▶ **GIVEN MATERIAL**:
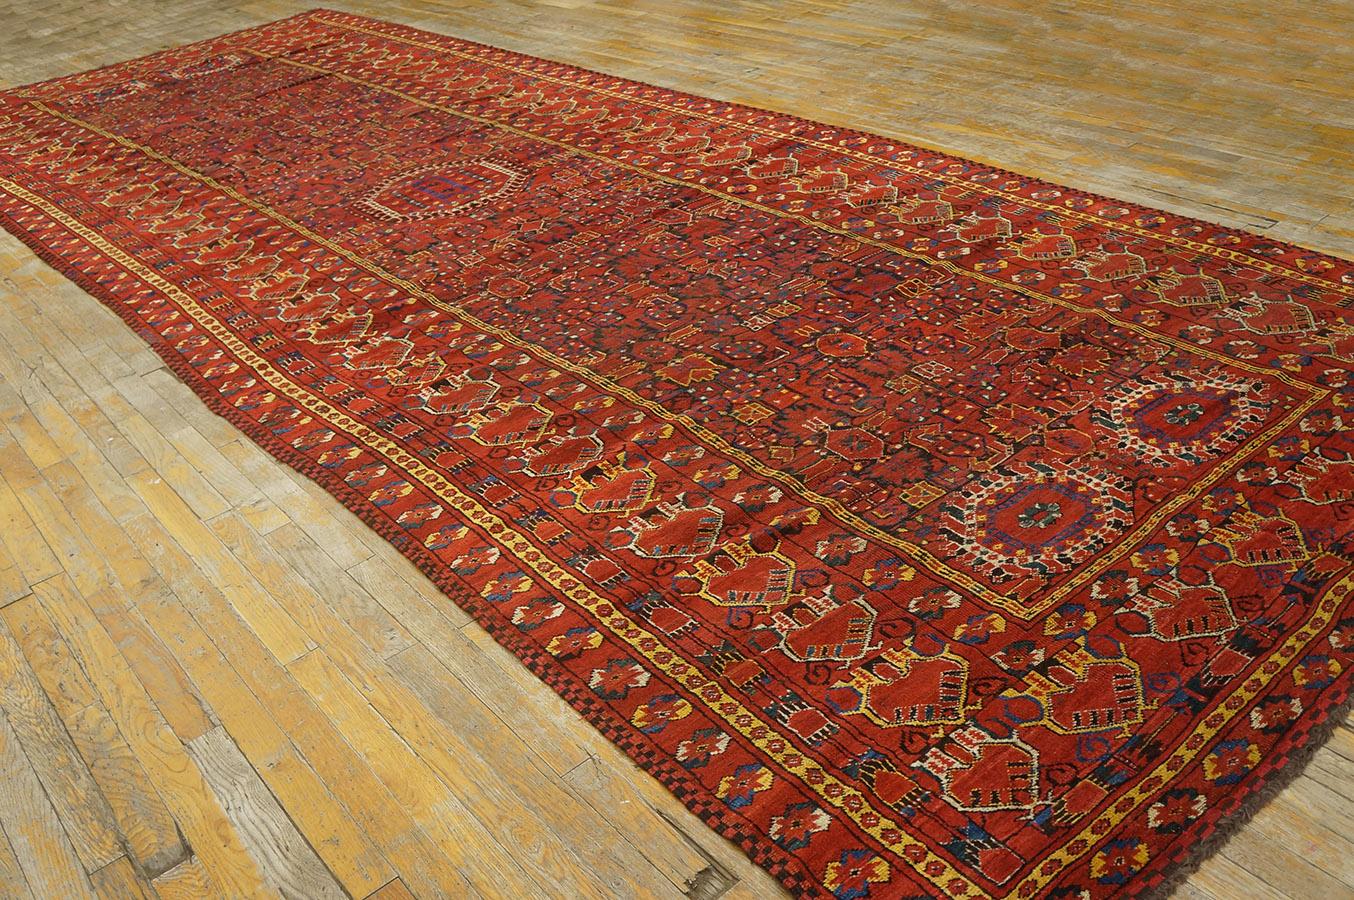 19th Century Central Asian Ersari-Beshir Gallery Carpet ( 6'6
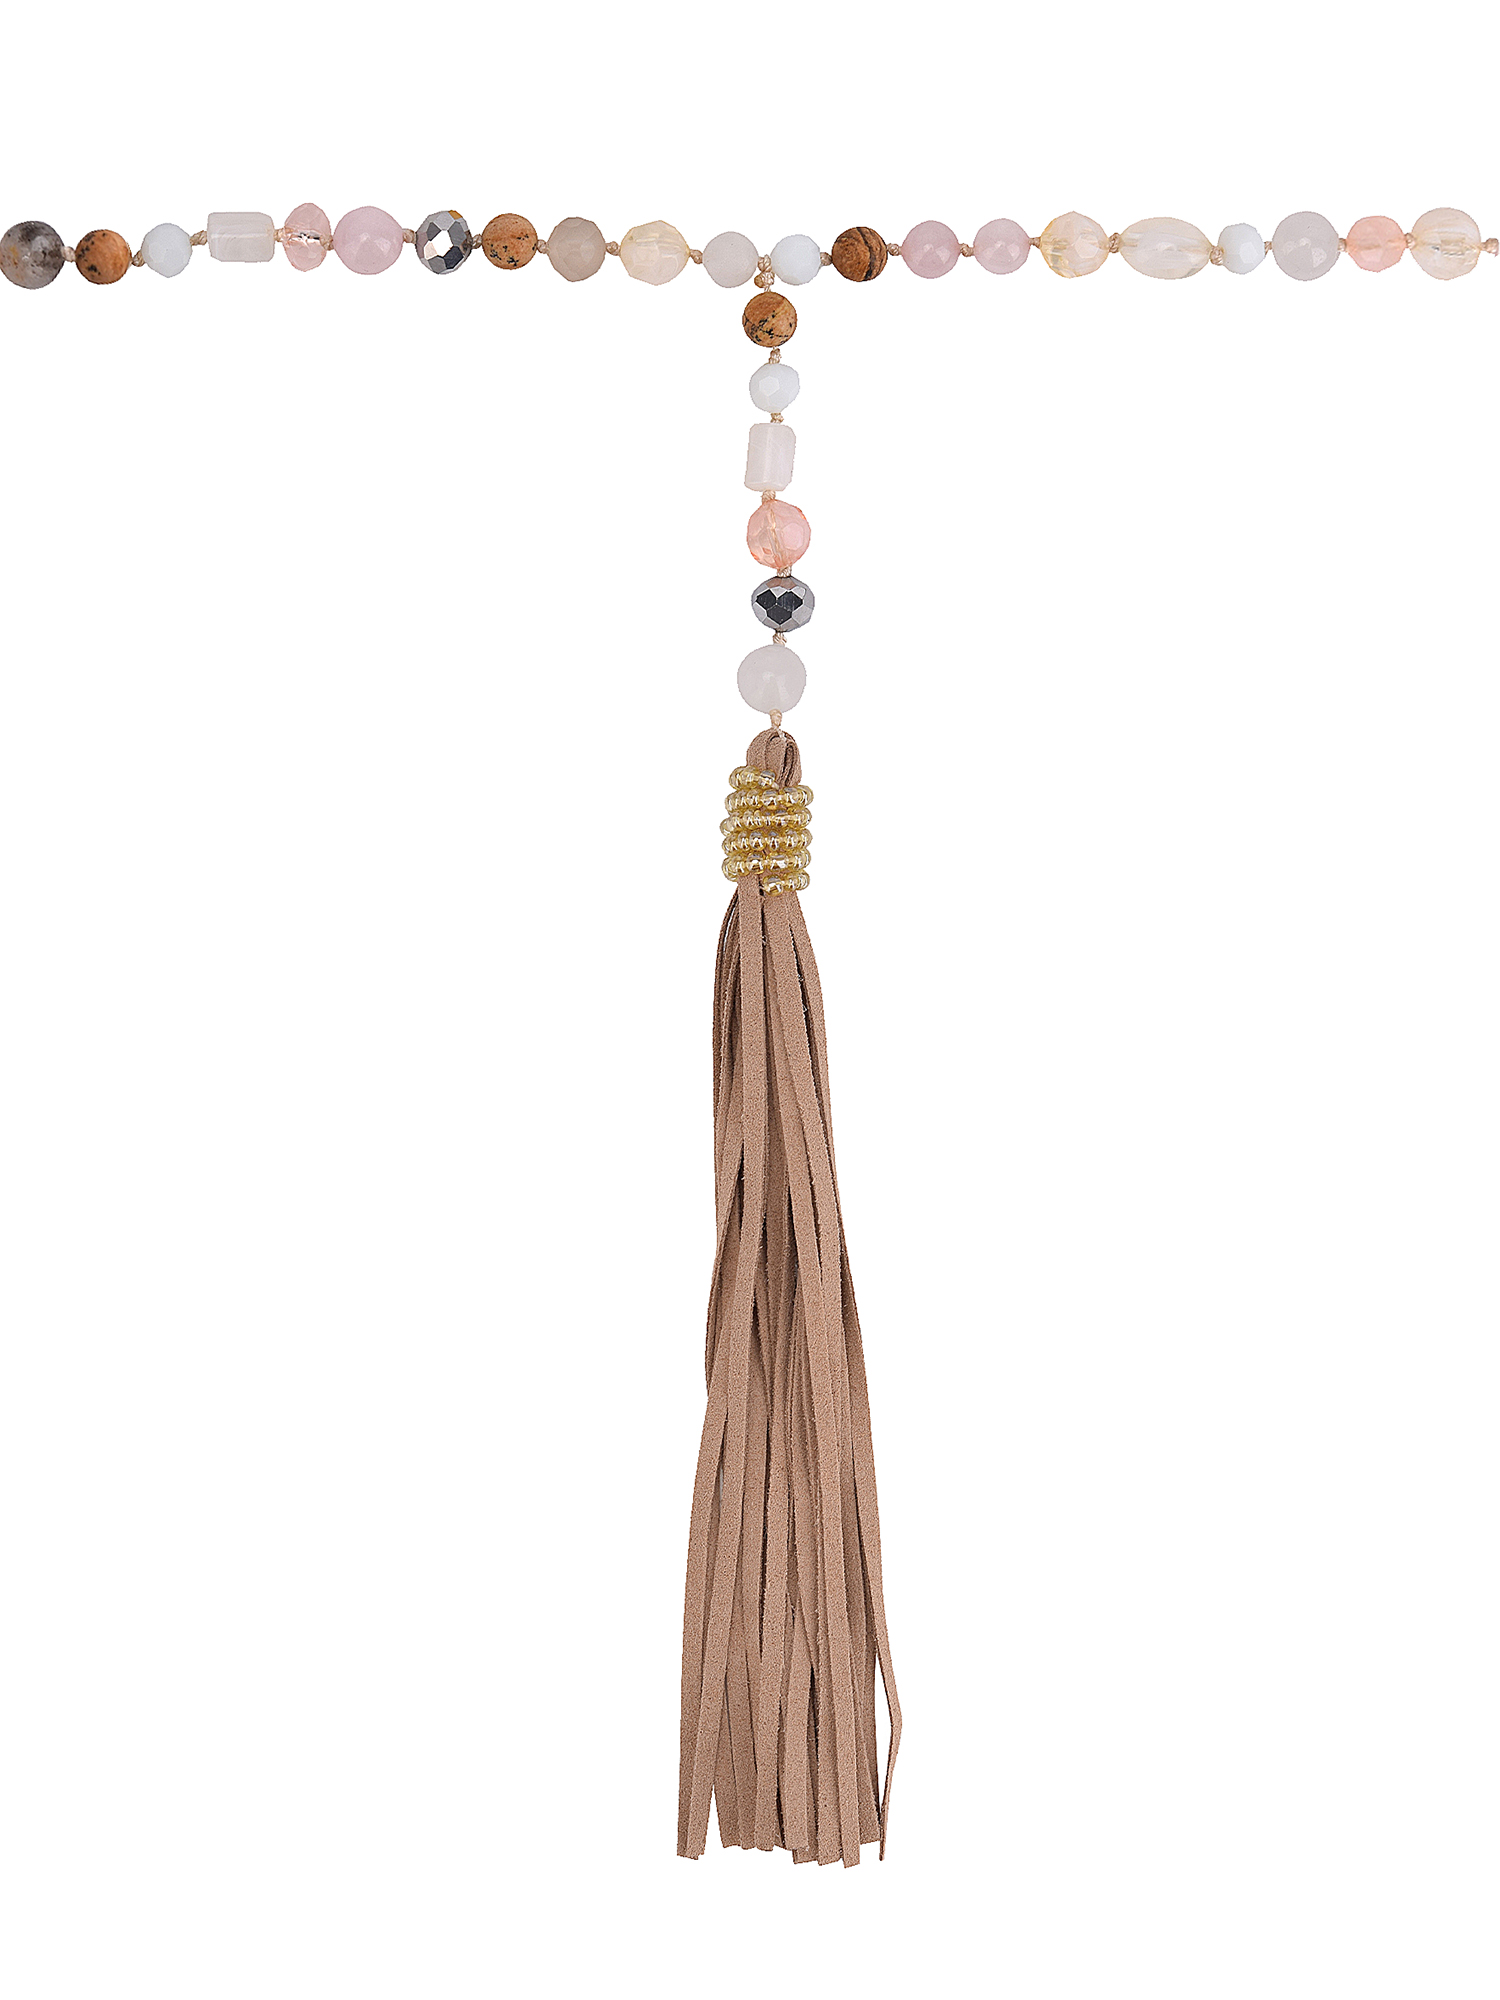 The Pioneer Woman - Women's Jewelry, Multi-Bead Tassel Y-Necklace - image 3 of 5
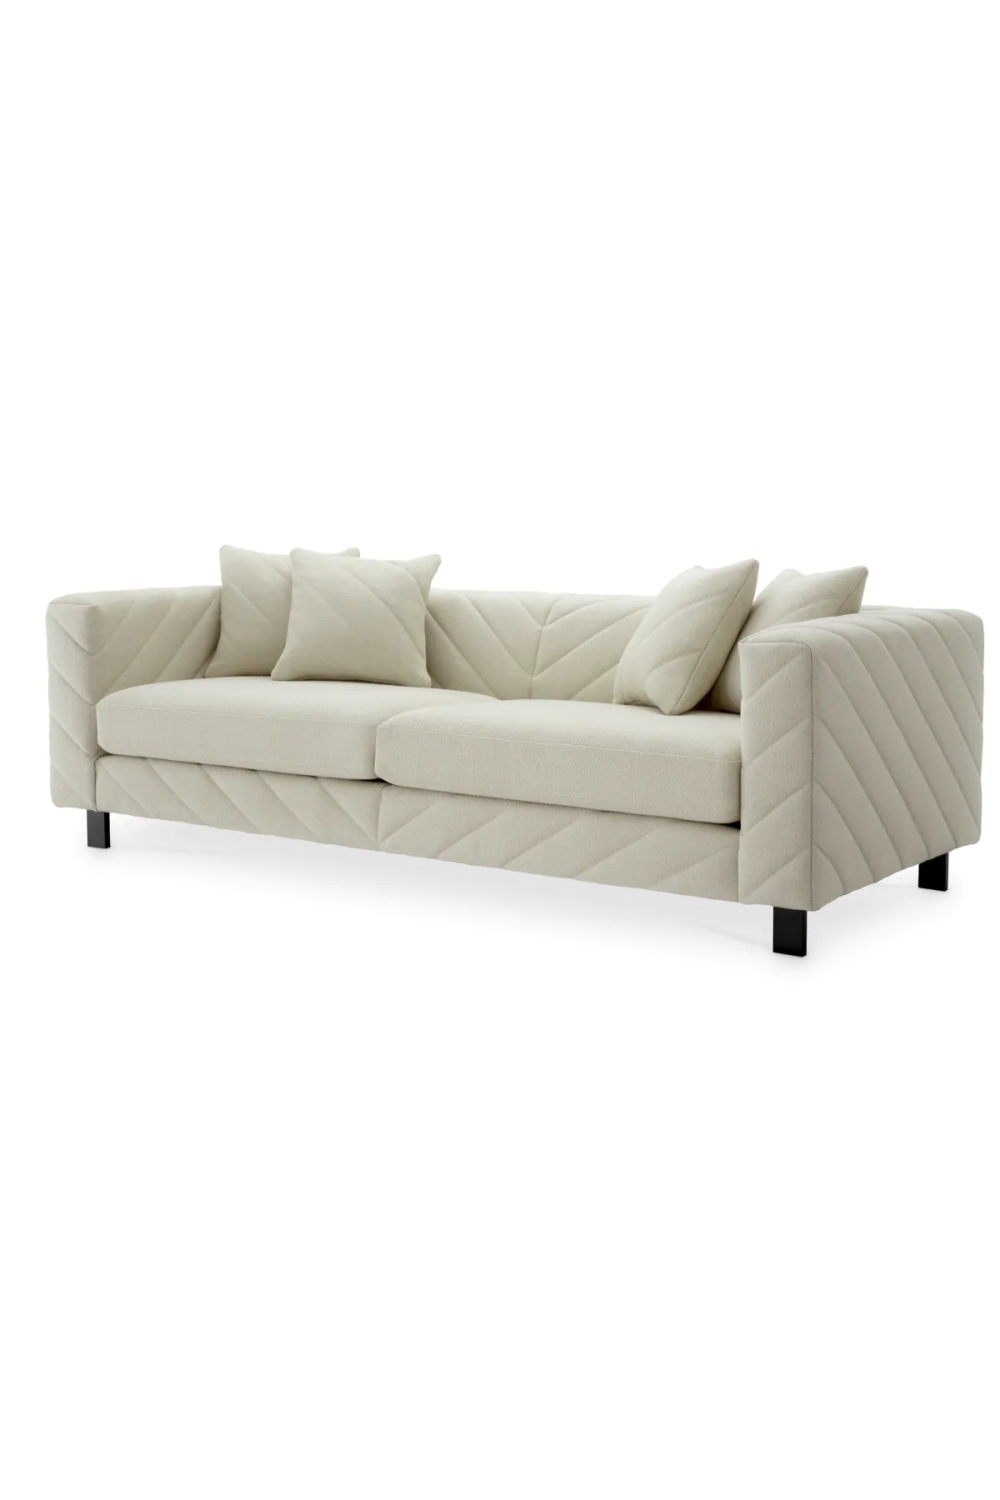 Patterned Modern Sofa | Eichholtz Avellino | Oroa.com

▶ **EXERCISE GOAL**:
Nothing but the pictures is to be left out; the rest of the listing should be copied exactly.

▶ **WRITTEN RESPONSE**:
 19th Century Central Asian Ersari-Beshir Gallery Carpet ( 6'6
 The Pioneer Woman - Women's Jewelry, Multi-Bead Tassel Y-Necklace - image 3 of 5
 Patterned Modern Sofa | Eichholtz Avellino | Oroa.com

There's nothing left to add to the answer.